Menshevik: A strange decision to accept the title of "the minority" or "those who are fewer" despite numbering more than the "Bolsheviks".


Roundheads: Cavalier was perfectly acceptable but Roundhead was considered a term of abuse by the anti-Royalists and was even forbidden in the New Modern Army.


Gay: After so many words with pejorative inflection have been used to label homosexuals how did Gay become a self attributed title?


A theory exists that all sex workers in London in the early 19th century used the phrase "Are you gay?" meaning "would you like a good time?" to proposition clients. At the same time in the US, casual workers were known as "Gay cats" so was attributable to young men and by reputation homosexuality was prevalent among the population.


Gay is hardly an insulting term, the word itself meant "happy" or "innocent happiness". The word emerges from Middle German.

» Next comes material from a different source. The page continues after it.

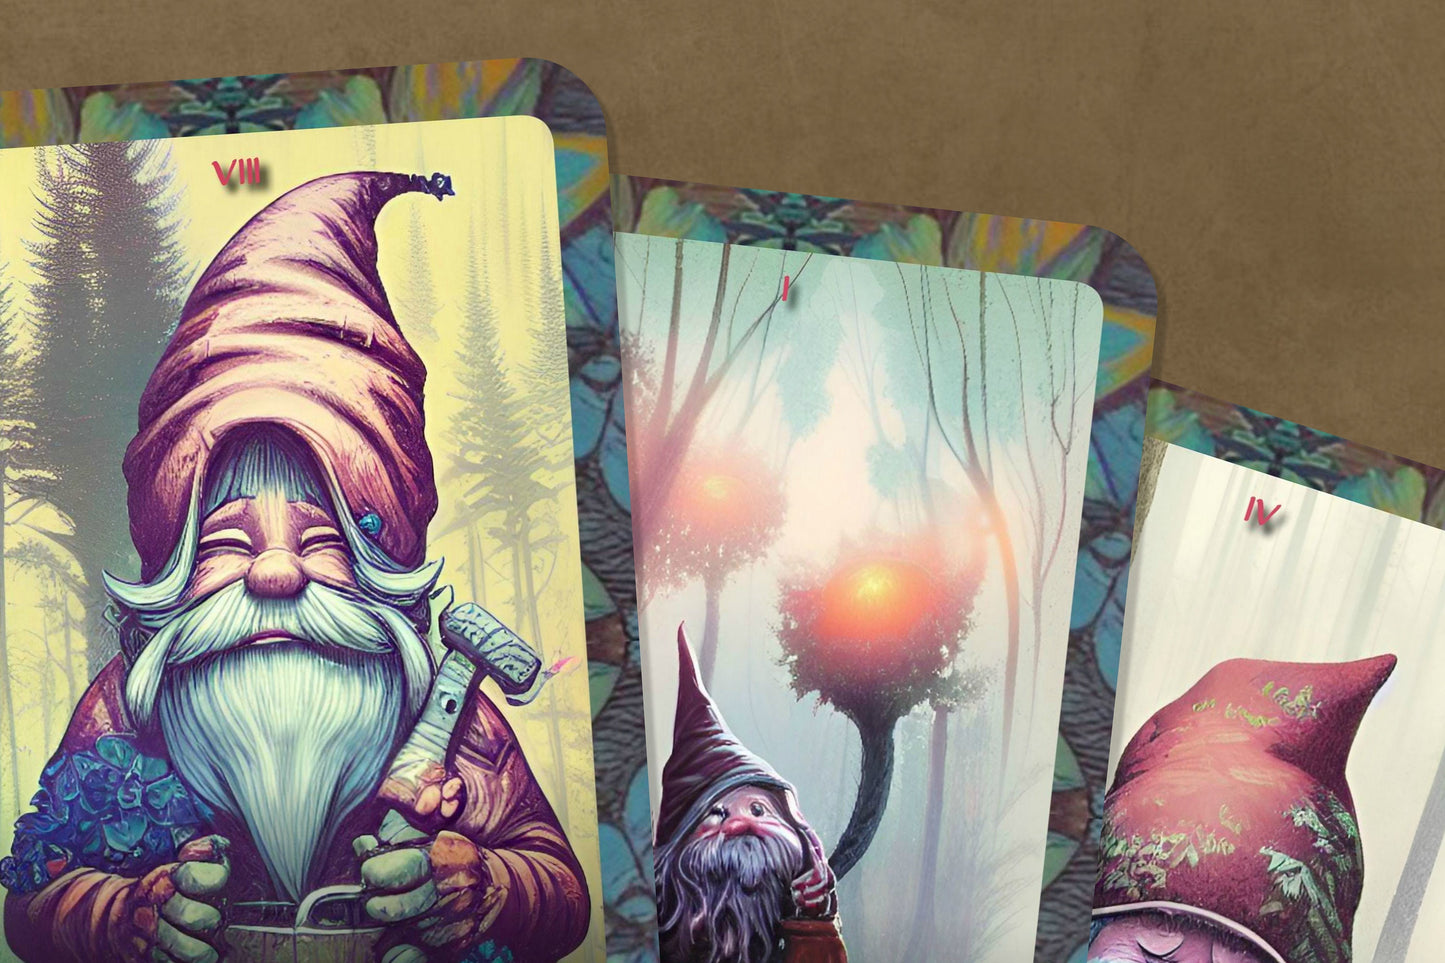 Gnomes Tarot  - Major Arcana

Queer: Also comes from German, meaning oblique, perverse, odd and even back to PIE terkw - to twist.


Dyke: To get diked out or go out on a dike meant to get dressed up in your best and go out. Probably an adaptation of "decked out". How it got appropriated to mean female homosexual is unclear although the wikipedia page on the topic discusses possible theories that are perhaps not suitable for a family friendly audience.


Big Bang Theory: Another derisory label that stuck! Fred Hoyle, the English astronomer, thought the theory was nonsense and sought to ridicule it with his disparaging description highlighting the differences with the Steady State Model.


Quaker: People who quake before the word of the Lord and the founder of the movement suggested there was nothing wrong with such a sentiment.


Methodist: A route of scientific enquiry from Meta- "in search of" + hodos - "a method" from Greek. Also meant a travelling. A disparaging reflection of the methodical approach of these preachers and the name was adopted.


Recent adjectives such as bad, sick and wicked have effectively reversed their original meaning among younger speakers.


Geeks: meant a freak until the 1980s, from Dutch, Gek, which meant to "croak" or "cackle".


Nerd: Dr. Seuss referred to a nerd in 1950, possibly a heavily accented form of nut.


Dude: In the 19th century this was an insult meaning "affected" or "foppish"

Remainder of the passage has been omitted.